Friday, June 10, 2016

Philosophically unsound and completely unworkable

Yevgeni Bauer's Posle Smerti (After Death), 1915, based on a story by Ivan Turgenev. Via The Metropolis Times.
Shorter David Brooks, "The Unity Illusion", New York Times, June 10 2016:
While Speaker Ryan's arguments for Republican unity around the figure of Trump are decent, philosophically speaking, they are not sound, also philosophically speaking, and cannot succeed in the natural universe, because:
(1) They are not conservative—conservatives believe that our smaller-scale social institutions such as families, churches, and bowling leagues, are more important than national ones such as the federal government, and yet Speaker Ryan's argument assumes that the Republican Party is more important than how I feel about Trump. This is an incoherent position which No True Conservative would ever adopt, and therefore its existence is inconceivable.
(2) Trump suffers from a brain disorder known as alexithymia which prevents him from identifying and describing his emotions, and is the cause of his narcissism. Thus it is impossible for Republicans to be in a state of unity with Trump, because he is personally unable to participate in it.
In this way Republican-Trump unity cannot be, and if you think you see some of it you are hallucinating. Q.E.D.
Well, that's a philosophical relief.
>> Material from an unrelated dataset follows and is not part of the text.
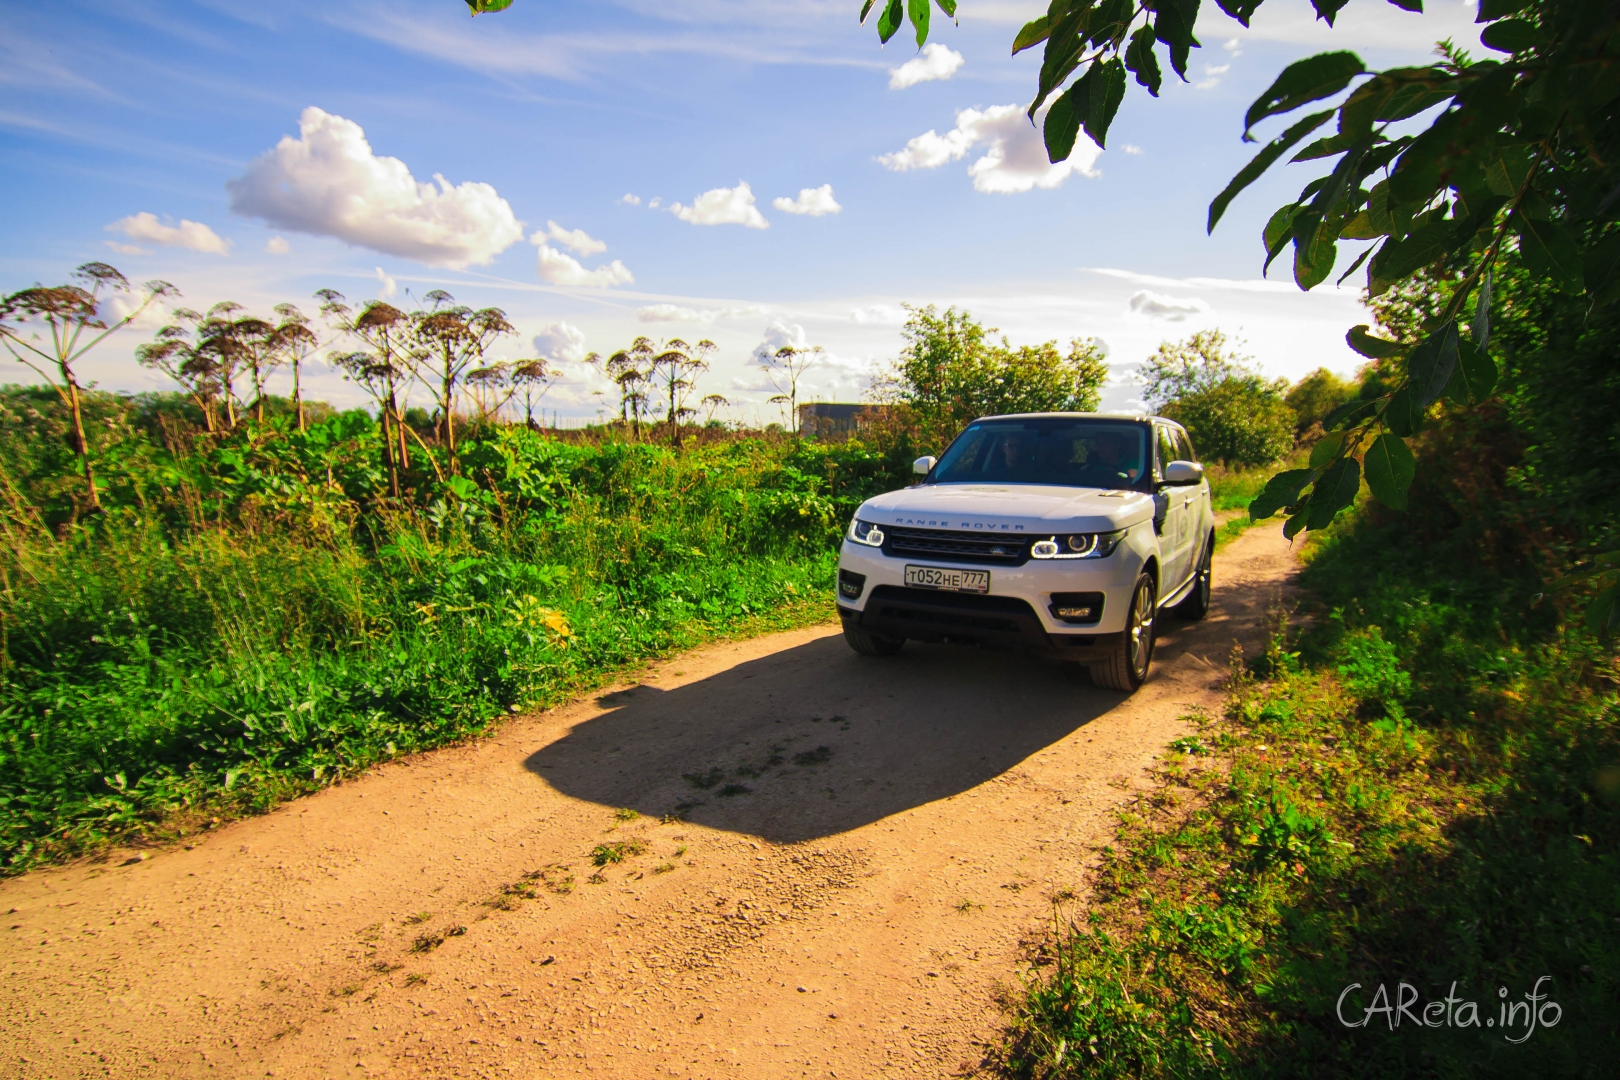 Универсальность во всем: Тест-драйв Range Rover Sport

Thanks, Master.

Though I may have a couple of reservations on this, starting with the idea that Ryan's arguments as Brooks conveys them "are decent arguments":

Sure, Trump says racist things sometimes and disagrees with most of our proposals, but Republicans have to go into this campaign as a team.... If Republicans are divided from now until Election Day they will lose everything.... [And] as a Wall Street Journal editorial put it this week: “There’s no guarantee Mr. Trump would agree to Mr. Ryan’s agenda, but there’s no chance if Mr. Ryan publicly refuses to vote for him.”
These are decent arguments. Unfortunately, they are philosophically unsound and completely unworkable.
Technically, these are indecent arguments, and practically they are perfectly workable, as the German politician Franz von Papen, who had a problem resembling Ryan's in 1933, could have told you.

Indeed Hitler, like Trump, may not have been exactly conservative in a strict sense, but he was perfectly happy to implement some of the most important conservative aims: the total destruction of the German labor movement, the revival of the German manufacturing industry (to the great benefit of the factory owners, except of course the Jewish ones) out of the ravages of the Depression, the restoration of Germany's military greatness. Not that Trump is Hitler! (Just occurred to me that Hitler, with his impoverished and despised background, his war experience, and his hopeless dreams of artistic success, is really a much more sympathetic figure than the spoiled rich-kid bully, though also no doubt the wreaker of much greater evil than Trump will ever manage to wreak, insha'Allah.)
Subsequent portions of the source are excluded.